Access as human fit conceptualisation (reproduced from Voorhees et al, 2021, BJGP, https://doi.org/10.3399/BJGP.2021.0375, under Creative Commons Attribution License).
Whether and how these dimensions fit together represent people’s experiences of accessing and providing care. All dimensions are mediated in contextually specific and dynamic ways by broader societal factors for patients and by the system factors for staff (while also recognising that staff are patients and members of society too). By better connecting the dimensions at each stage of the healthcare access process, patients and staff can work together to move towards greater fit. While understanding that this process is frequently not linear,13 the application of this understanding of access complements existing theory around patient experience14 to refine improving access as improving human fit.
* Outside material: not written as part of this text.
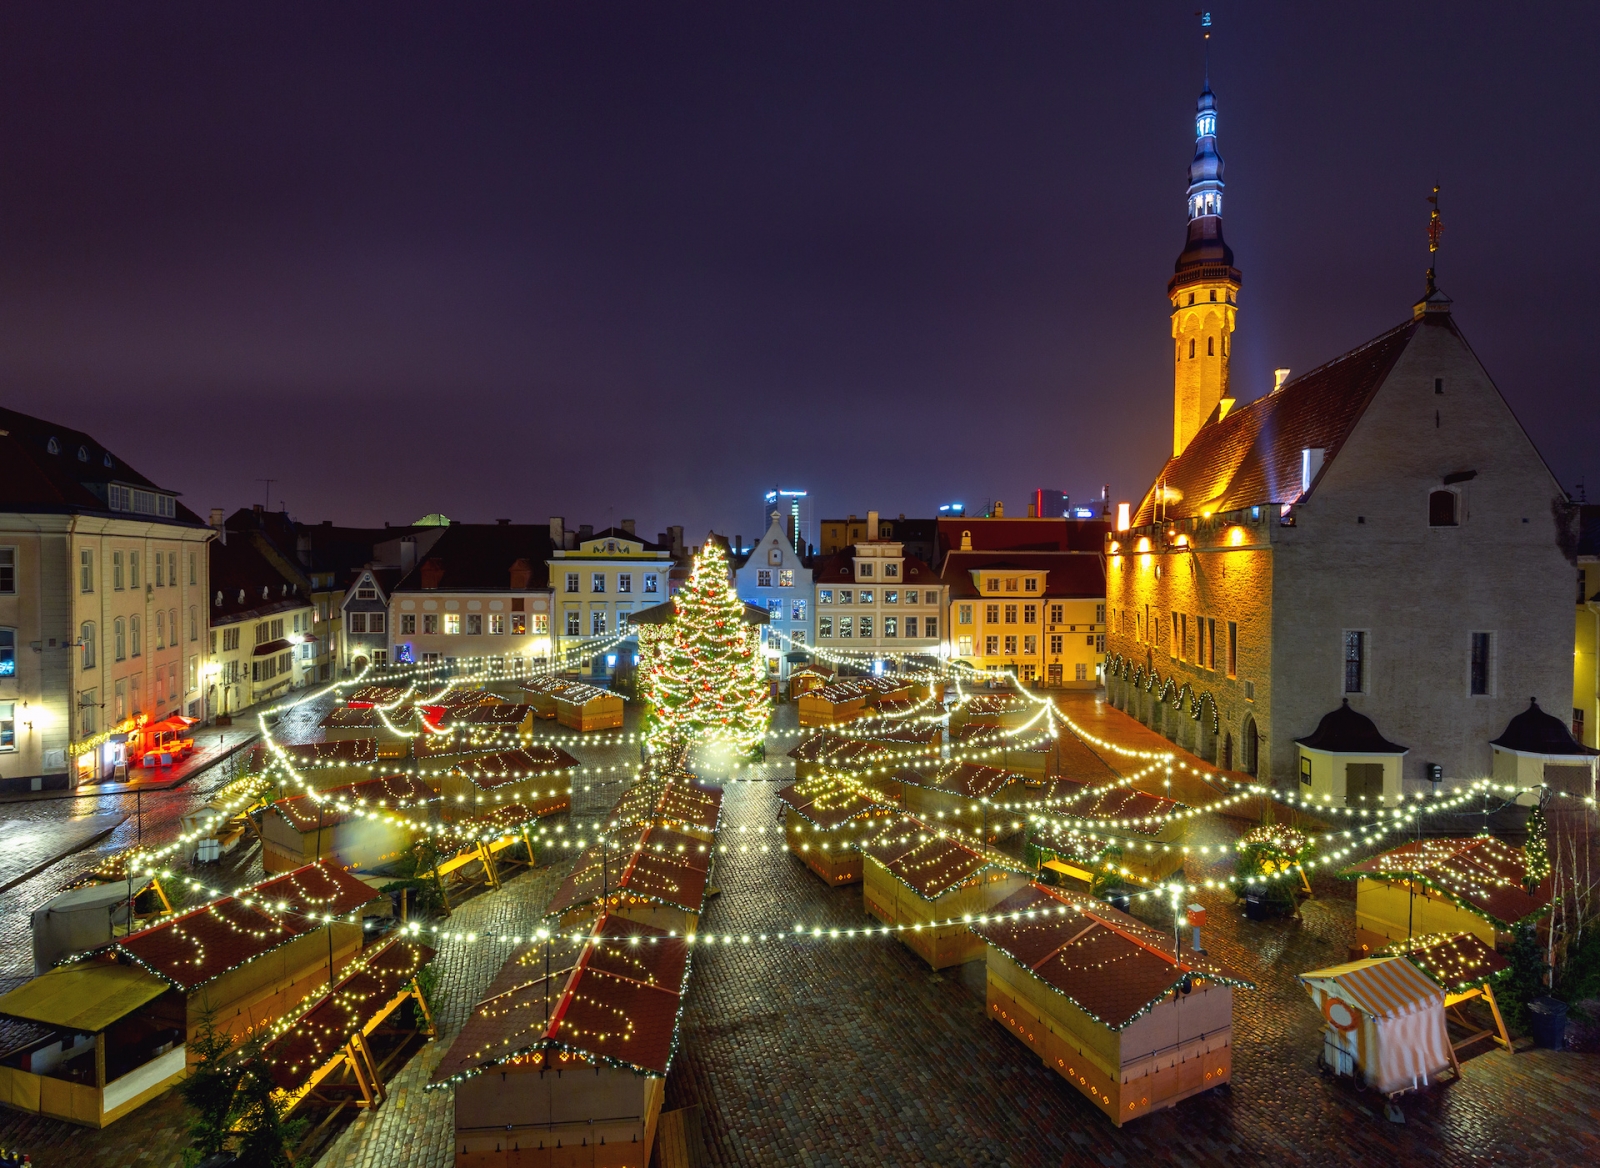 Таллинн.  Городская площадь в рождественском убранстве.

The aim of this paper is to explore the impact of the pandemic on general practice access in the English NHS, from the perspectives of patients and staff, during initial phases of recovery.
Methods
Study design and setting
This paper focuses on a qualitative work package of a larger 26-month mixed methods study (May 2021—June 2023), which took place in two local authority areas in Northwest England. It is important to set the context in which the data was collected. During the first UK ‘lockdown’ in March 2020, general practices were advised to shift to remote consultations unless there was an urgent need for a face-to-face appointment.2 In December 2021, national plan B measures were introduced in response to rapid transmission, including compulsory face coverings in certain public venues and work from home guidance. These were relaxed early in 2022, along with the duty to self-isolate. This phase of the pandemic saw the announcement of Living with COVID-19 guidance in England, with no further free universal symptomatic and asymptomatic public testing.15 This included an end to social distancing in general practices (as part of the ‘stepping down’ rules),16 but these changes took place in a context of increased and sustained demand for general practice services, workforce pressures and the ongoing involvement of many practices in vaccine delivery.17
Patient and public involvement
The research project used a community-based participatory approach,18 19 characterised by close working with a Community-Based Research Team comprising general practitioners (GPs), patients, carers, voluntary sector providers, commissioners and other local stakeholders drawn from the local context where the study took place. This 12-member team, established during the preceding project,11 was actively involved in shaping the focus and approach of the current study and provided invaluable knowledge about the local health and care context. The team met 19 times during the research. Members informed decisions regarding the recruitment of general practice sites and supported the facilitation of focus groups, observations and data analysis. Members of the team have contributed to the dissemination of the findings from the study locally and nationally via events and educational sessions for the public and local general practice staff and a presentation at the Royal College for General Practitioners Annual Conference, which was co-presented.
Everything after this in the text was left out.